*** Opening Provided data ***

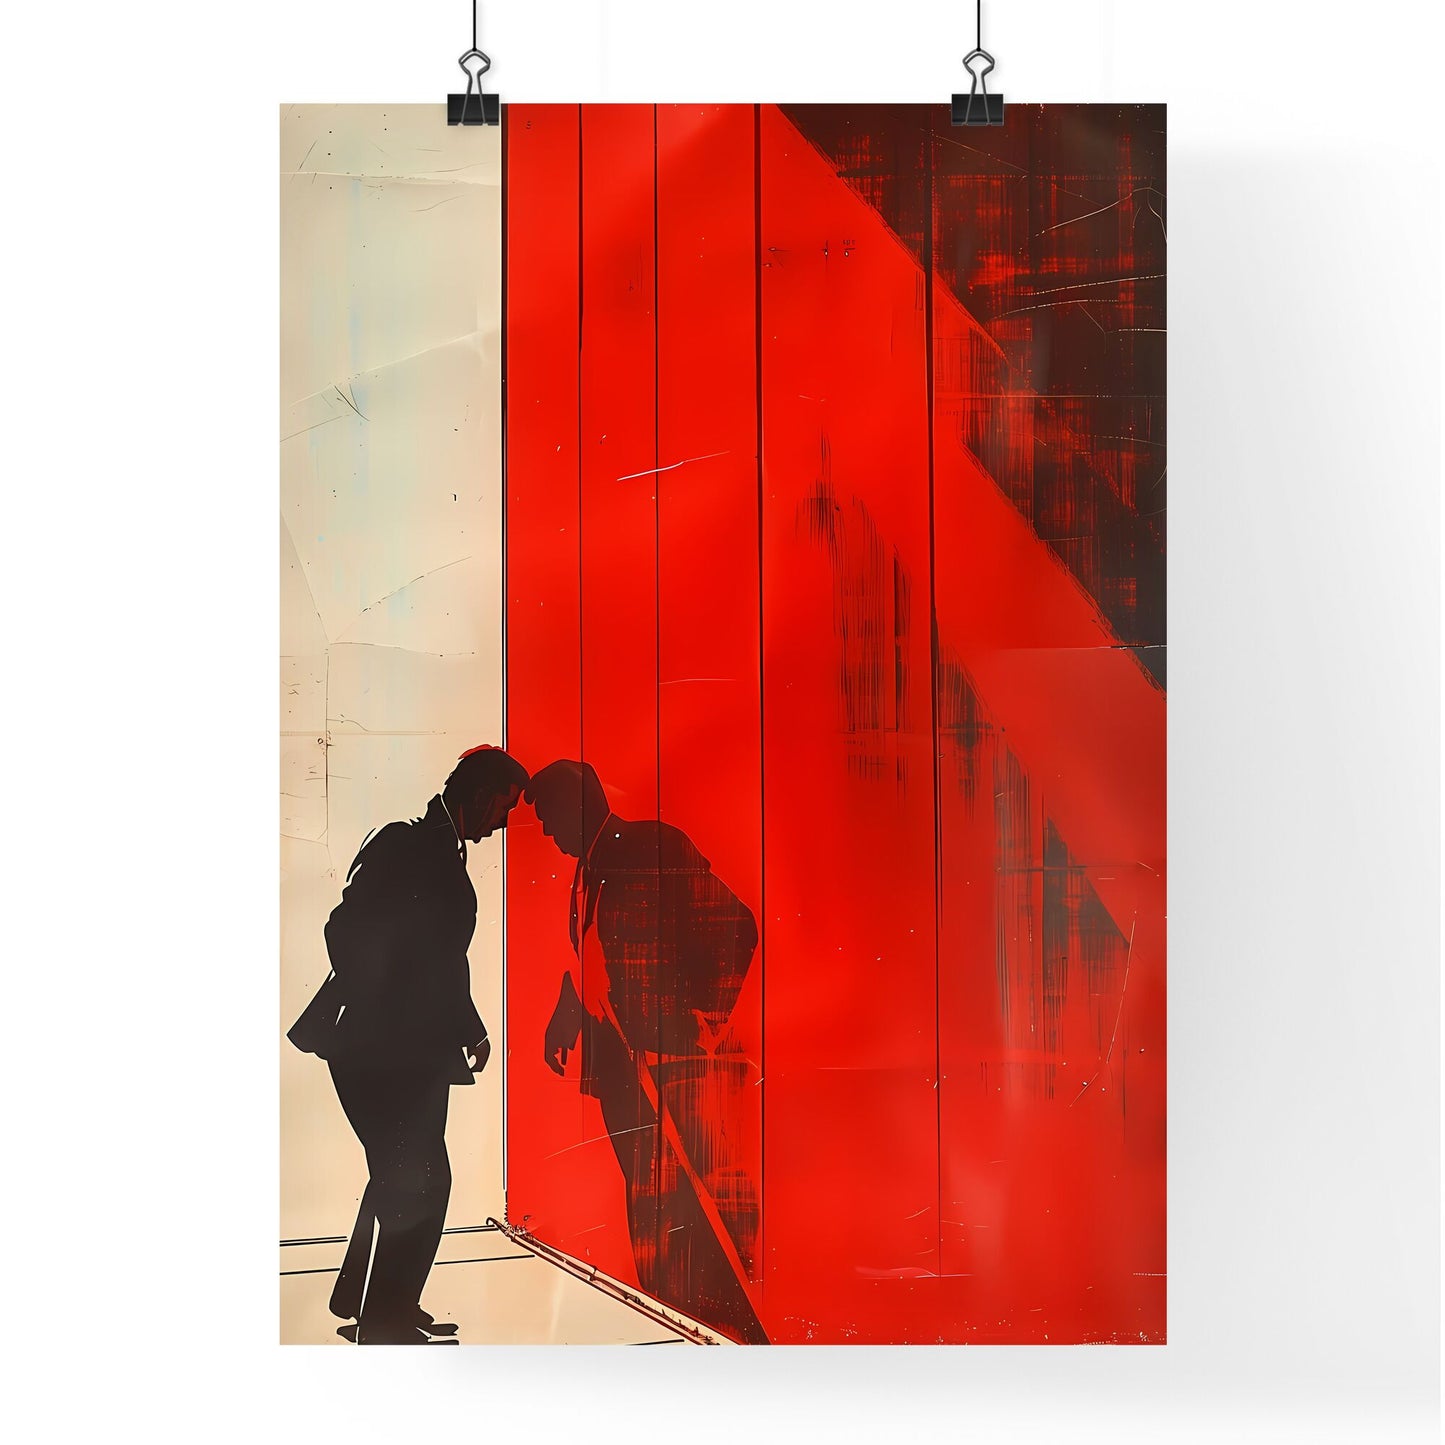 Vibrant Painting with Silhouette of Man and Woman, Propaganda-Style, Art Focus Default Title
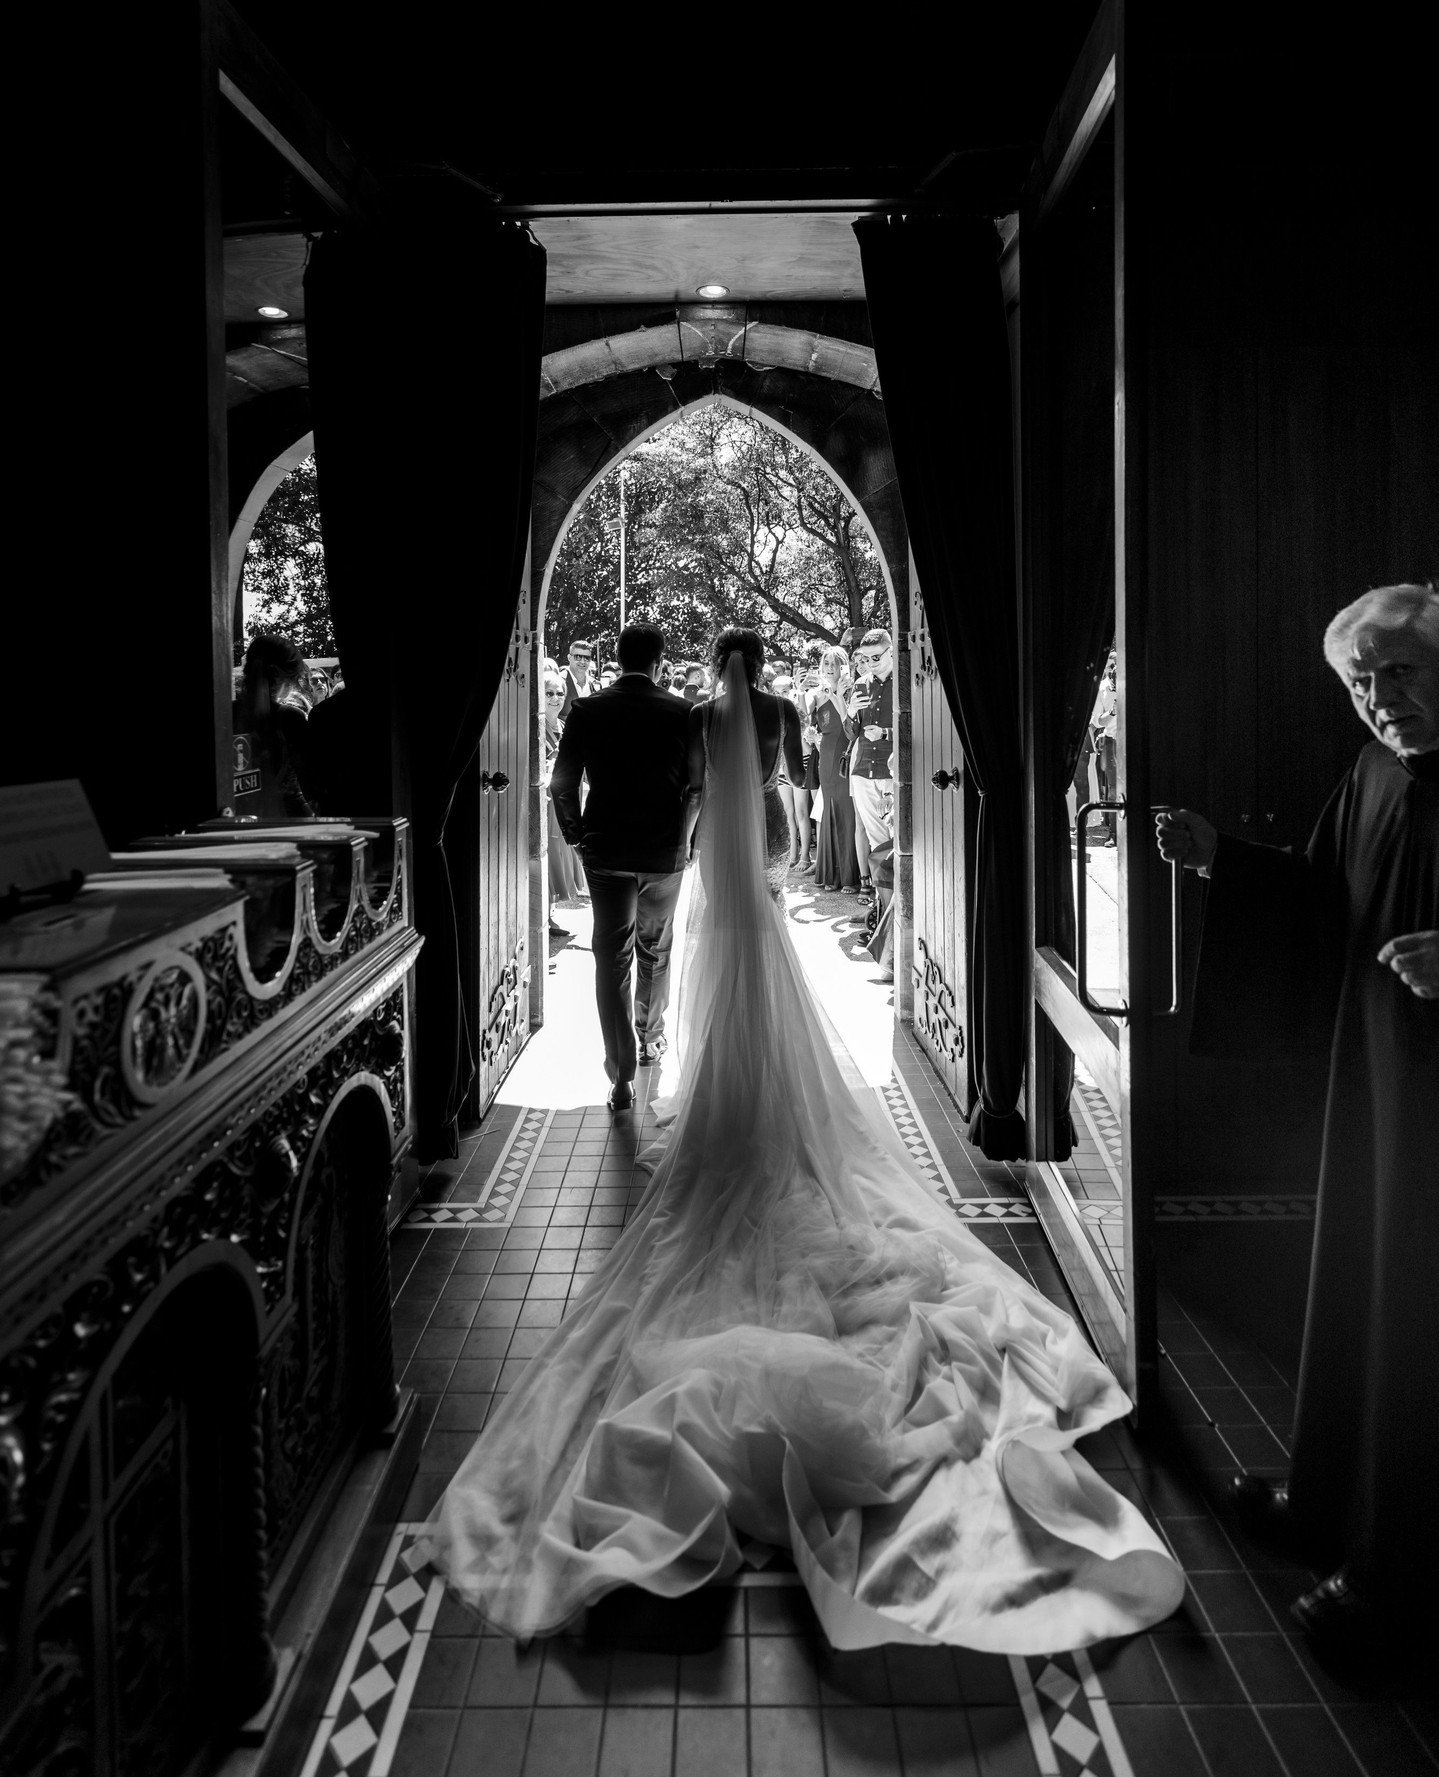 Top &quot;Not Posed&quot; Photos - Part 1⁠
⁠
Leaving and entering your church. ⁠
⁠
Especially in black and white, when the dark background of your church creates a contrasting background for the white of your dress, often highlighting the train and/o

*** Closing Provided data ***

What you should do: All entries above must be printed again verbatim, with images excluded.

Answer to the problem:
 Vibrant Painting with Silhouette of Man and Woman, Propaganda-Style, Art Focus Default Title
 Top &quot;Not Posed&quot; Photos - Part 1⁠
⁠
Leaving and entering your church. ⁠
⁠
Especially in black and white, when the dark background of your church creates a contrasting background for the white of your dress, often highlighting the train and/o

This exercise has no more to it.